(by Allister Gerrard, July 2005)
A mixed climb in the Alps.
Following our trip to Mt. Elbrus (5642m) in the Caucasus, Russia, in 2004, John Gorman and I chatted about what next? The following year, I was seriously thinking of going to the Alps myself, so I decided to give John a call.
On the evening of Saturday the 25th June 2005 (following on from U2 in Croker the night before) I met up with John in Chamonix. Over the next 4-5 days we would climb Ciaforon, Gran Paradiso and Mont Blanc. Although John and I had been to Scotland in winter, at the time we were not confident in our Alpine skills so we decided to hire ourselves an Alpine guide, Julie-Ann Clyma.
Julie-Ann drove us through the Mont Blanc tunnel from France and into Italy. On the drive the views were magnificent; Julie-Ann pointed out the impressive North face of Mont Blanc and some famous climbs she had done involving ridges and pillars, overnight bivvies on cliff edges, and so on.

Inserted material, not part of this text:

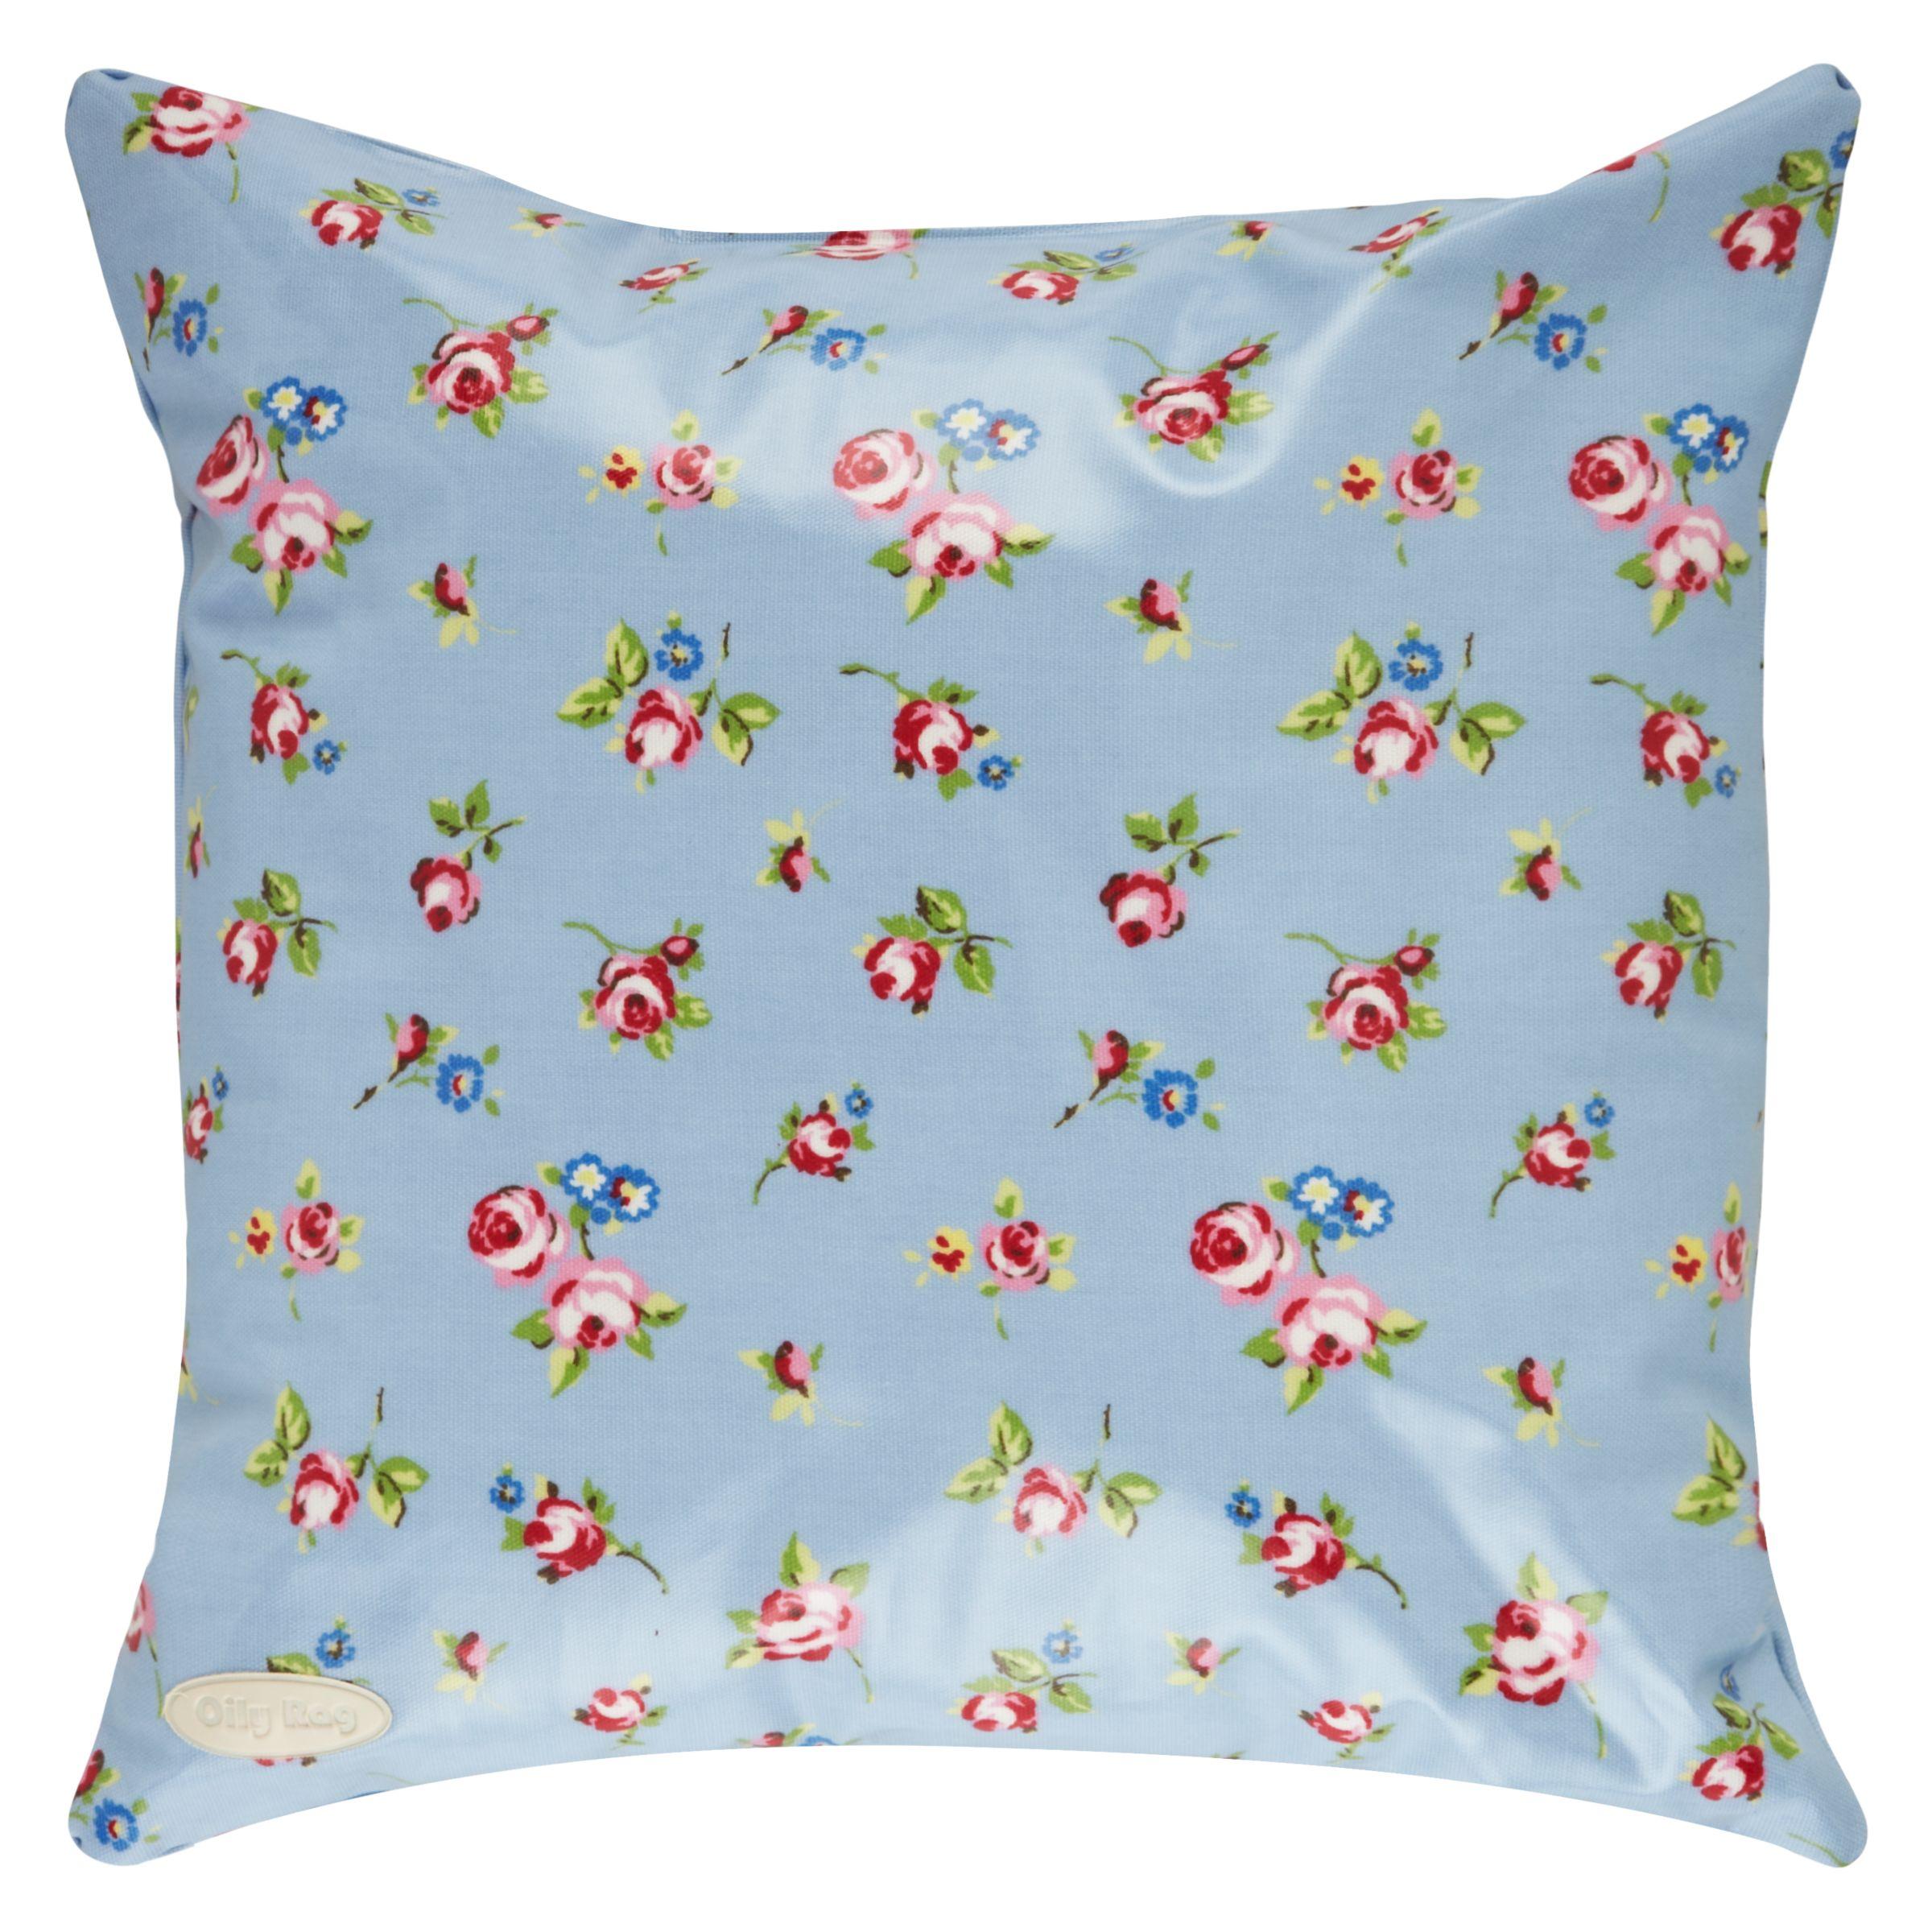 Oily Rag Rosebud Outdoor Cushion, 40 x 40cm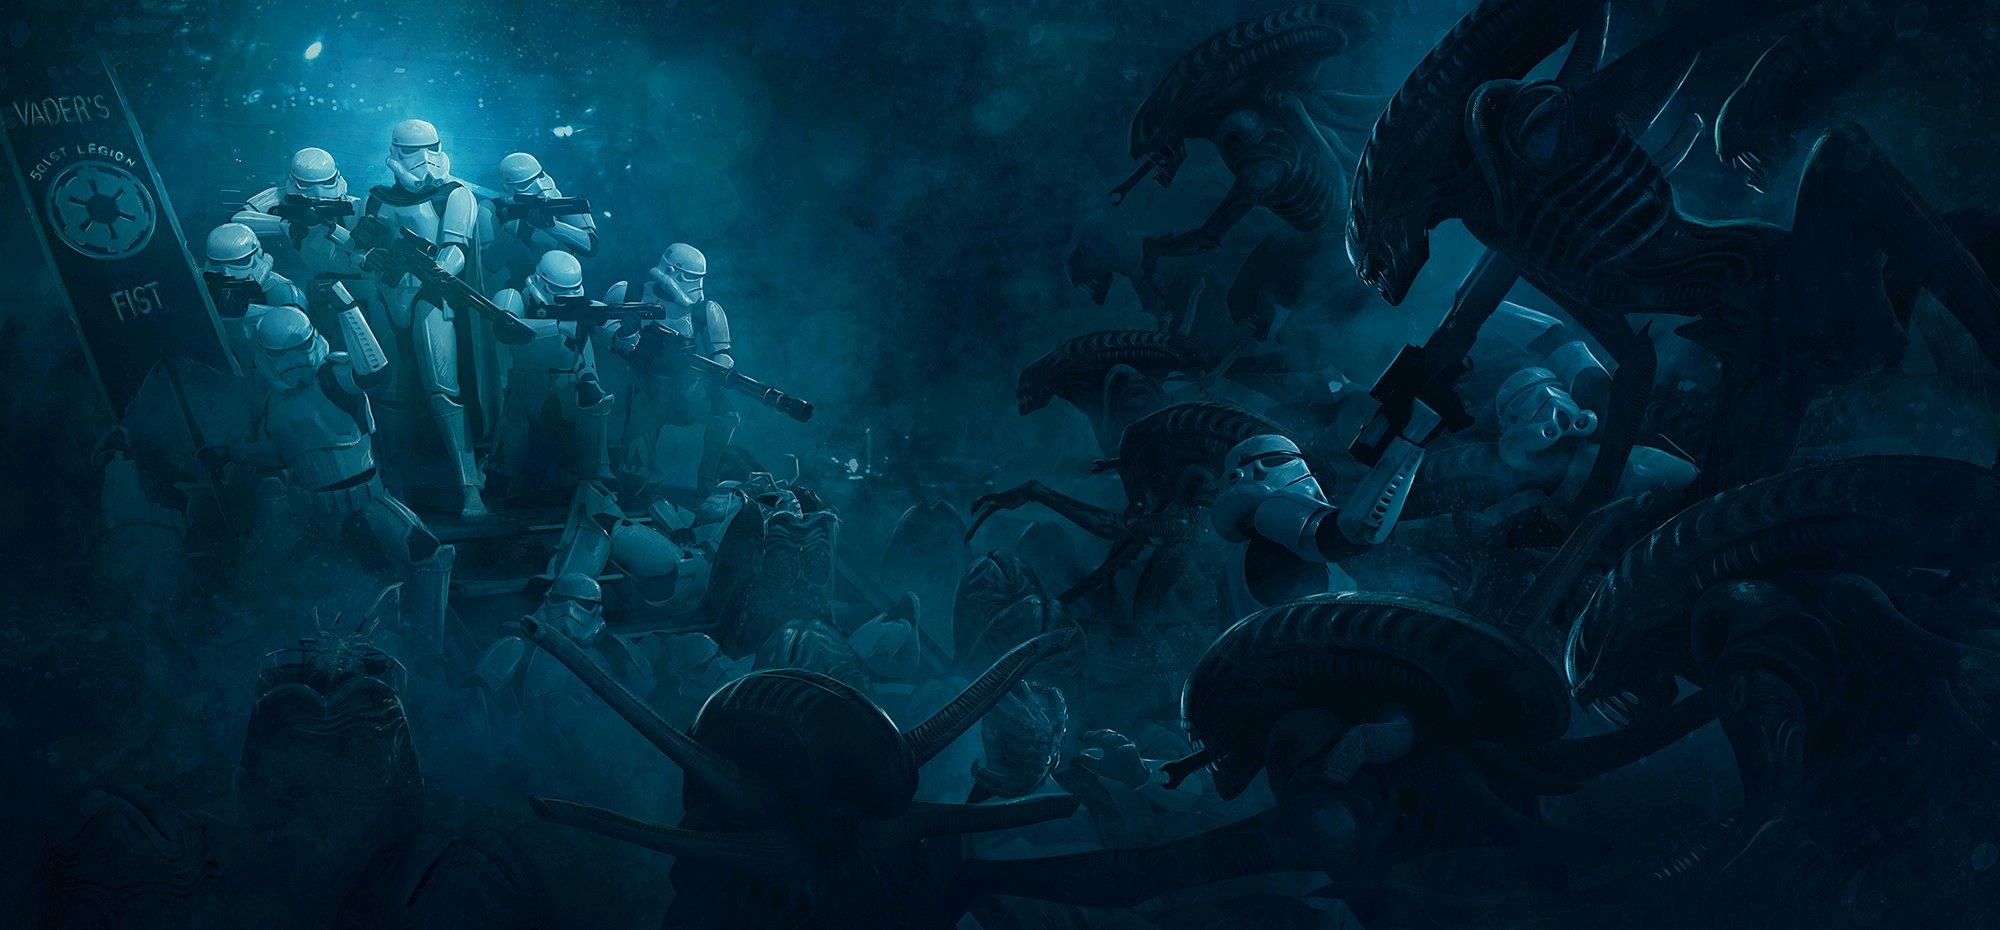 guillemhp_501_legion_stormtroopers_vs_aliens.jpg

This woman had had some climbing CV (not to mention her PhD) – the Alps, Alaska, South America, and some first ascents. She had also been on four 8000m peaks, including the greatest of them all, K2.
A few hours later we began our trek up to the Vittorio Emanuele II hut (2735m), the refuge at Gran Paradiso national park. On the walk up we enjoyed tremendous views of glaciated rivers and falls thundering down the mountains, winding zig-zag paths, wild animals and good weather. After dinner at the hut we practiced our ropework for the climb the next day – our first climb of the trip, an attempt on Mt. Ciaforon, as an acclimatisation climb for later climbs planned on the trip. We headed to bed at 9pm, drifting off about 11pm, then being woke up at 4.45am the next morning. What am I doing here I thought, it’s my holidays, getting up at this hour, why didn’t I just go to a beach in Spain, rather than stepping out into the freezing morning. Julie-Ann reminded us that we were here out of choice; I could hear Shay O’Hanlon in my head, you do it because it’s hard, because you enjoy the challenge, because going to a beach is boring, hmmm. OK, I do like the mountains, time to get up, besides the challenge ahead had looked exciting. Out the door we trod at 6am, the sun just rising, we crossed over some rocks, boulders, glaciated streams to the edge of the glacier. We roped up together and moving together gradually made our way up the huge gently-sloped glacier, with La Tresenta (3609m) on our left, up the west side of Ciaforon.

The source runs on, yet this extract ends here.